S&P’s latest report on fund managers portrays persistent contrasts in performance.

By Barry Ritholtz

(Bloomberg Opinion) --Growth stocks are trouncing value. Small caps are beating large. And more professional managers are beating their benchmarks now than a year earlier.

Those are only some of the details from the latest S&P Indices Versus Active Funds U.S. Scorecard, or SPIVA. Twice a year, Standard & Poor’s Indices group releases this deep dive into mutual-fund performance. It analyzes funds by capitalization levels and investment styles to review their performance versus various benchmarks.  

OK, a quick caveat: S&P is one of the world’s largest index providers, so it obviously has a dog in this fight. Still, it brings big resources to bear on the simple question of, “How is your portfolio doing this year?”

The results for the 12-month period ended June 30 do contain a few surprises, though most of the results are as expected — active management still tends to lag passive, small caps tend to beat large. Sifting through the details can be a worthwhile exercise.

Small versus big: Let’s start with the good news first: For investors in U.S. equity markets, returns have been strong. Small-cap stocks (S&P SmallCap 600) did best, gaining 20.5 percent, followed by large and mid-caps (S&P 500 & MidCap 400) which gained 14.4 and 13.5 percent, respectively.

Growth versus value: There is more good news if you are in the growth camp: It has been trouncing value for the past decade. Indeed, active managers of growth funds have done extremely well across all market capitalizations. They have beaten their benchmarks by 63.7, 68.5 and 58.0 percent for large-, mid-, and small-cap funds, respectively. Whether that is a result of the rise of big dominant tech companies or the postcrisis recovery we can’t say for sure.

Earnings gains are the key: What helps to explain the advantages of growth over value? Gautam Dhingra of High Pointe Capital Management points out that earnings for growth stocks have been strong in this period, gaining 84 percent, while earnings for value stocks rose 30 percent. The net result is that since the end of the financial crisis, growth stocks outperformed their value counterparts by 144 percent net of fees, S&P said. That big difference in earnings gains explains much of the performance difference.

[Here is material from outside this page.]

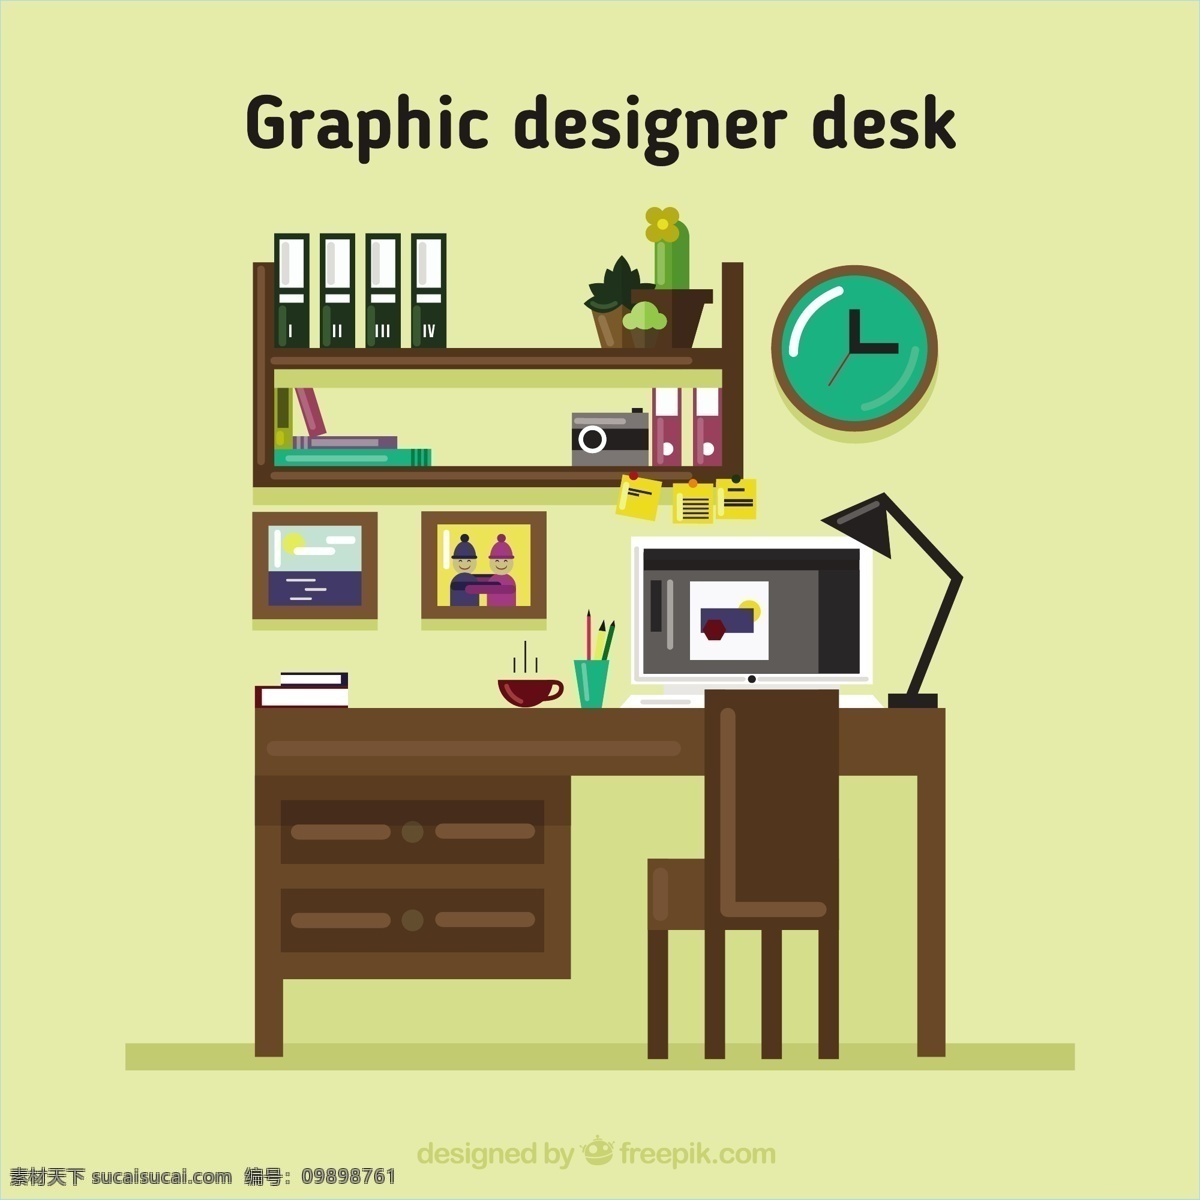 木制 图形 desigher 桌 木 平面 书桌 平面设计 设计师 桌面 平面设计师 工作空间 工作场所 黄色

Time matters: Note that these advantages depend upon the time frame. The past month of market volatility hints at conditions that normally lead value to beat growth. The advantages for growth since the 2009 lows owe to the rapid recovery from that bottom and the long rally since then. But when we look at periods that include bull and bear markets, the results are quite different. Consider the time frame from March 2000 to the present — a period that includes both the dot-com implosion and the financial crisis. The performance advantage of growth disappears. Over that 18-year period, value outperformed growth by 157 percentage points.  

When will the performance advantage of value re-emerge? Mean reversion is likely to occur once we enter a new bear market.

Active versus passive: Some more good news for active fund managers: During that same 12-month period, the overall percentage of active funds that outperformed their benchmarks rose to 42 percent from 36.6 percent.

Alas, that seems to be where the good news ends,  and the longer the time period, the worse things look. The majority of actively managed equity funds still underperformed their benchmarks. Over the prior five-year period, 76.5 percent of large-cap, 81.7 percent of mid-cap and a whopping 92.9 percent of small-cap managers lagged their respective benchmarks. At 10 years and 15 years, the numbers are even worse for active managers.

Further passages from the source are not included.